--- LISTED RECORDS ---
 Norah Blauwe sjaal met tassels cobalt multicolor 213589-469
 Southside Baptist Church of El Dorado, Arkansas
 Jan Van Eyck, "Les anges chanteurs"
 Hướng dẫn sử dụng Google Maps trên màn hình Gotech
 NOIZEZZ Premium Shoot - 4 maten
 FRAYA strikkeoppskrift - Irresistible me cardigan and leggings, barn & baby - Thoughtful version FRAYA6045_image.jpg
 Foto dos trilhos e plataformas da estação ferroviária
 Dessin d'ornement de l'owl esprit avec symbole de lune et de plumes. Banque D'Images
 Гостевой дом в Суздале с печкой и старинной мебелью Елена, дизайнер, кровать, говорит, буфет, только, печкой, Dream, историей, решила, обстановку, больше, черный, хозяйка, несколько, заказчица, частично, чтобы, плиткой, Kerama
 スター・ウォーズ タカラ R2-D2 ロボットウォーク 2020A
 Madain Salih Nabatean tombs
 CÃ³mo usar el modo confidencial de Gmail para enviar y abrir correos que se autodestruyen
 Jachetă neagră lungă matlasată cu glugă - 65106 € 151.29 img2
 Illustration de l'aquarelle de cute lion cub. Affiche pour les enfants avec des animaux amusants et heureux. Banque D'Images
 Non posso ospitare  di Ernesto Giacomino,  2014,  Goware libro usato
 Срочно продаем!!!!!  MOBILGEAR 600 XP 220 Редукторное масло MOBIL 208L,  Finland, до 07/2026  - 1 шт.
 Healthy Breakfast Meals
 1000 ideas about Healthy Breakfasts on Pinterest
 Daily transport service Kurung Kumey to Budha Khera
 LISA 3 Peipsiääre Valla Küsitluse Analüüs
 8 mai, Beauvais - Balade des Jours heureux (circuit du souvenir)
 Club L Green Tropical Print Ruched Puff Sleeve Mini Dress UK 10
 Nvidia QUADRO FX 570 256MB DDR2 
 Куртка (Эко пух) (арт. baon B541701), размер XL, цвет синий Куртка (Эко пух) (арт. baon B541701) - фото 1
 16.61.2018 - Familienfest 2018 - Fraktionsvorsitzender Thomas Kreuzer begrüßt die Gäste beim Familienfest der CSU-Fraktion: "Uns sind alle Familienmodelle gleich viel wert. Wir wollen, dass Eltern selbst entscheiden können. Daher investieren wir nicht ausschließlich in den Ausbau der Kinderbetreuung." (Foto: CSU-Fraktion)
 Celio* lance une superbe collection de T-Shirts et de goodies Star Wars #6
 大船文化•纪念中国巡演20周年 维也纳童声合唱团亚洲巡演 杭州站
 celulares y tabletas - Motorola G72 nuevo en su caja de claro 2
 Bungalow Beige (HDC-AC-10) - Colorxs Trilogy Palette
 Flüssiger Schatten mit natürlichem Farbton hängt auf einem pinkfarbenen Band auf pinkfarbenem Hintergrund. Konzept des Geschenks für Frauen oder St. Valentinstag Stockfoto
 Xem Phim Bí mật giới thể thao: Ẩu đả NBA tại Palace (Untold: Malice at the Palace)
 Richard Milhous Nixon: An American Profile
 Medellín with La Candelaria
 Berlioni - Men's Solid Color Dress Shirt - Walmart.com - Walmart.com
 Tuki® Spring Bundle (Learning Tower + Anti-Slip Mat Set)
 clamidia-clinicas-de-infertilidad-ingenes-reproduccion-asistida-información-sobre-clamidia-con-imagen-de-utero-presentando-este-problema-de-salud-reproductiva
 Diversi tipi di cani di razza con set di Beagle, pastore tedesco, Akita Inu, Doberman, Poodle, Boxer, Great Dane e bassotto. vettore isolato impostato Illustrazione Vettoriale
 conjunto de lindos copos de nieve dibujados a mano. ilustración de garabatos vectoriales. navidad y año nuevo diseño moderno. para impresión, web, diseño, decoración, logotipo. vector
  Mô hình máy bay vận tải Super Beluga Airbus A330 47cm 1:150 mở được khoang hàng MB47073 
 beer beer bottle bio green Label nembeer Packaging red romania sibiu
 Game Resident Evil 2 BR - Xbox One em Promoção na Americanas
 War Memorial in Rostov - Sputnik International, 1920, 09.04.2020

--- WHAT YOU WILL DO ---
What lines of the material above contain "Banque"? Return each of them.

--- TASK RESULT ---
 Dessin d'ornement de l'owl esprit avec symbole de lune et de plumes. Banque D'Images
 Illustration de l'aquarelle de cute lion cub. Affiche pour les enfants avec des animaux amusants et heureux. Banque D'Images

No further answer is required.